You want me to burn him too?
No, no, no, no, I'll be fine.
Yeah, whatever. Yeah.
You want me to tie him on a wagon wheel and stretch him or some shit?
We're not paying you overtime for this.
The torturers are not unionized.
Man, I swear to God. These fucking union rates. They don't even give us union rates anymore. You know what?
Some scab shit. I gotta get on the real torturers guild.

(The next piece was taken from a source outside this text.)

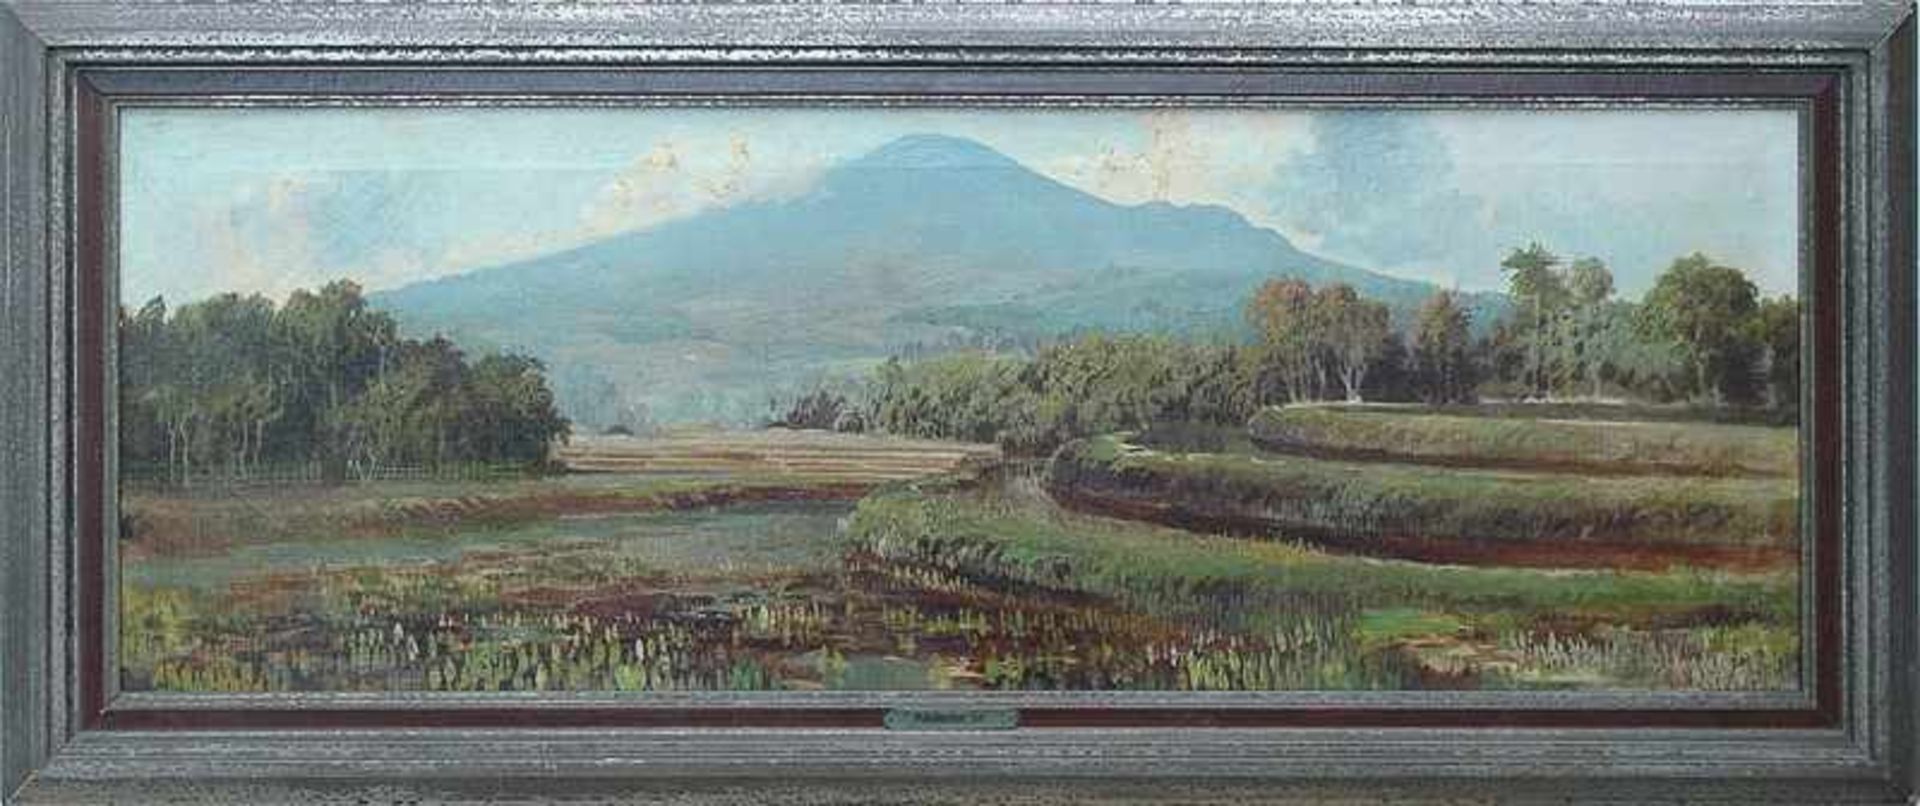 Abdullah, Surjosoebroto1878-1941, indonesischer Künstler, "Panoramaansicht in Indonesien mit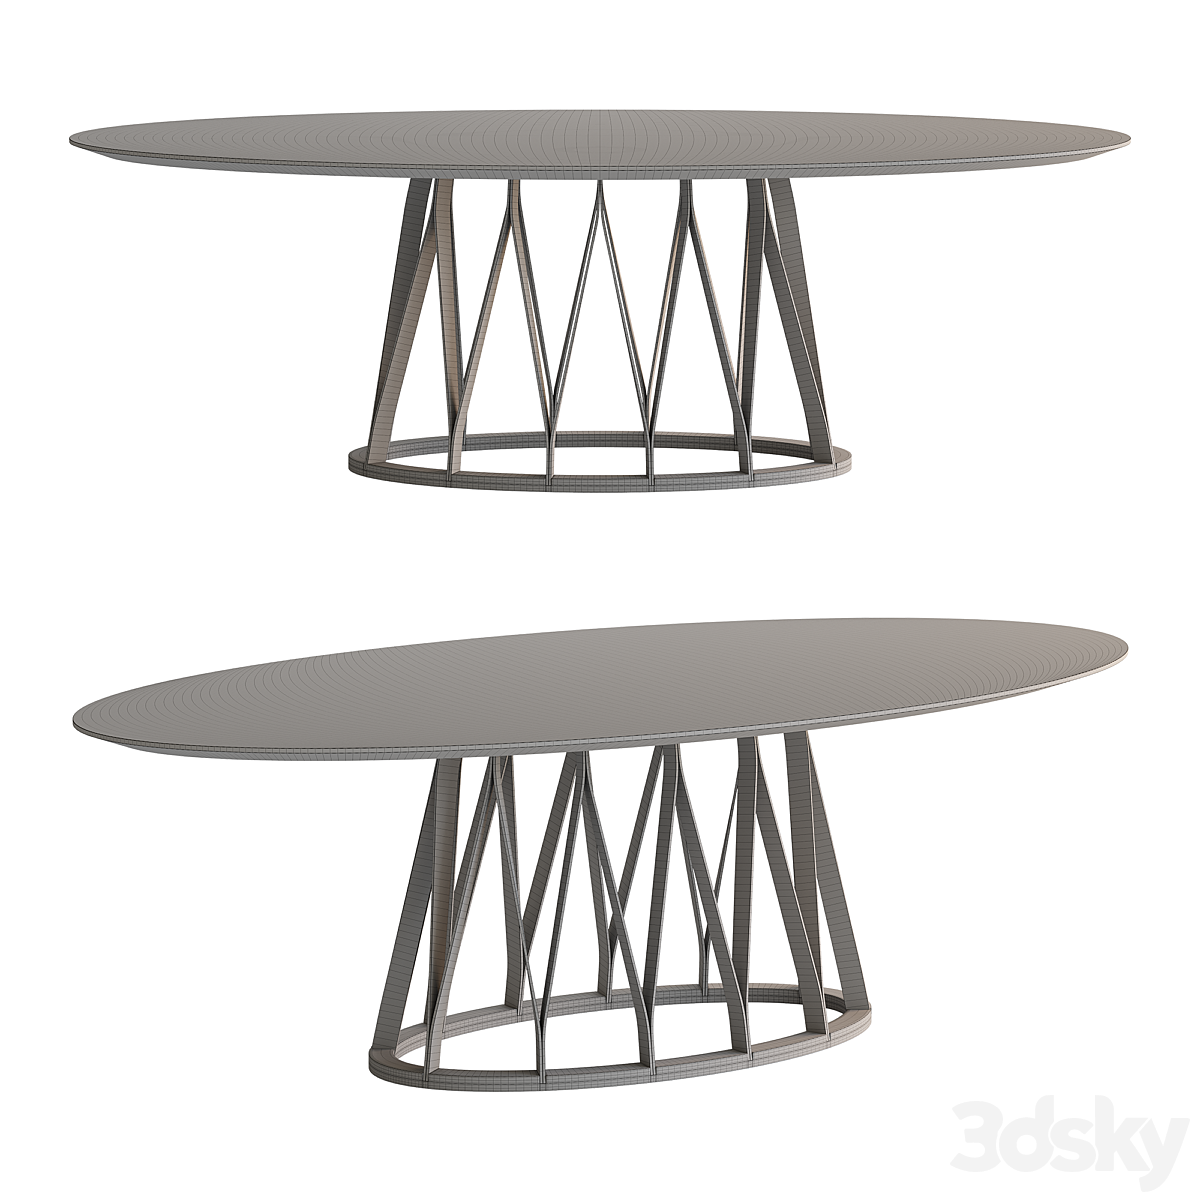 miniforms furniture interior design  3ds max corona modern trend table furniture design  wood

Man, it's a long day at the office. You just hear people screaming in the background as you're tearing the flesh off their bones.
Like, did you hear we're not even getting our 5% raise this year as it says in our CBA?
Oh God, I'm so sorry! That sounds terrible! I know, right?
Yeah, I was gonna try to think of a modern analog and it's just like, prison guards. I was gonna say, that's me when I finally get my hands on Royal Mail.
Now from here, he finally has so many followers, his ideology is so set in stone, he begins
to separate himself from the real world and surrounds himself with his own people.
One of them had a prophecy that he would be arrested for his religious and political messaging.
Damn, a hard thing to predict.
But the prophecy is like this would happen if you go back to Strasbourg so you should
never go.
And he was like, no, I will go to Strasbourg.
I welcome the arrest because it's clearly God's will and the love of Christ will protect
me from any outcome.
This was a very bad idea.
I was going to say the same message was played verbatim to Napoleon the third.
And he said about the same thing.
I have visions of wide open Aaron De Smontz.
I had this, this idea that I should leave from the front.
There's this place called sedan and it'll be remembered because I'm a bad ass.
It'll go great. Everybody will remember it.
Every time they get in a mid-sized car.
Hilariously, that's not what they call them in Europe.
They call them saloons here.
And in France, they call what we would call a sedan a Berlin, which I don't know if
because they owned them in some other conflict like Berlin.
Like they just like we call it.
I have no idea.
But the saloon thing, like it doesn't translate the way you'd think it would.
It would be weirder if they did call them sedans in France to be fair. Yeah. Yeah. That would be like, do you check out
this new model of waterloo I have? Yeah, exactly. That would be like if the official term in
the airline industry for like an overbooking was just called the Pearl Harbor. Man, we
get a real MH 60 or 17 situation going on over here. It's too many. Yeah. Yeah. Woo boy. Yeah, exactly. Yeah. I really hate it when that happens.
I really hate it when my ghost plane flies to Antarctica and we all die.
He was immediately brought up on charges of heresy and sedition when we returned
to Strasburg, somewhat hilariously, even a Lutheran synod,
which is like the prosecutorial power of the area had no
evidence of any of these charges and they had to be dropped.
But the lead church authority pointed out that, yo,
Anabaptism is illegal and he should be held on those charges anyway.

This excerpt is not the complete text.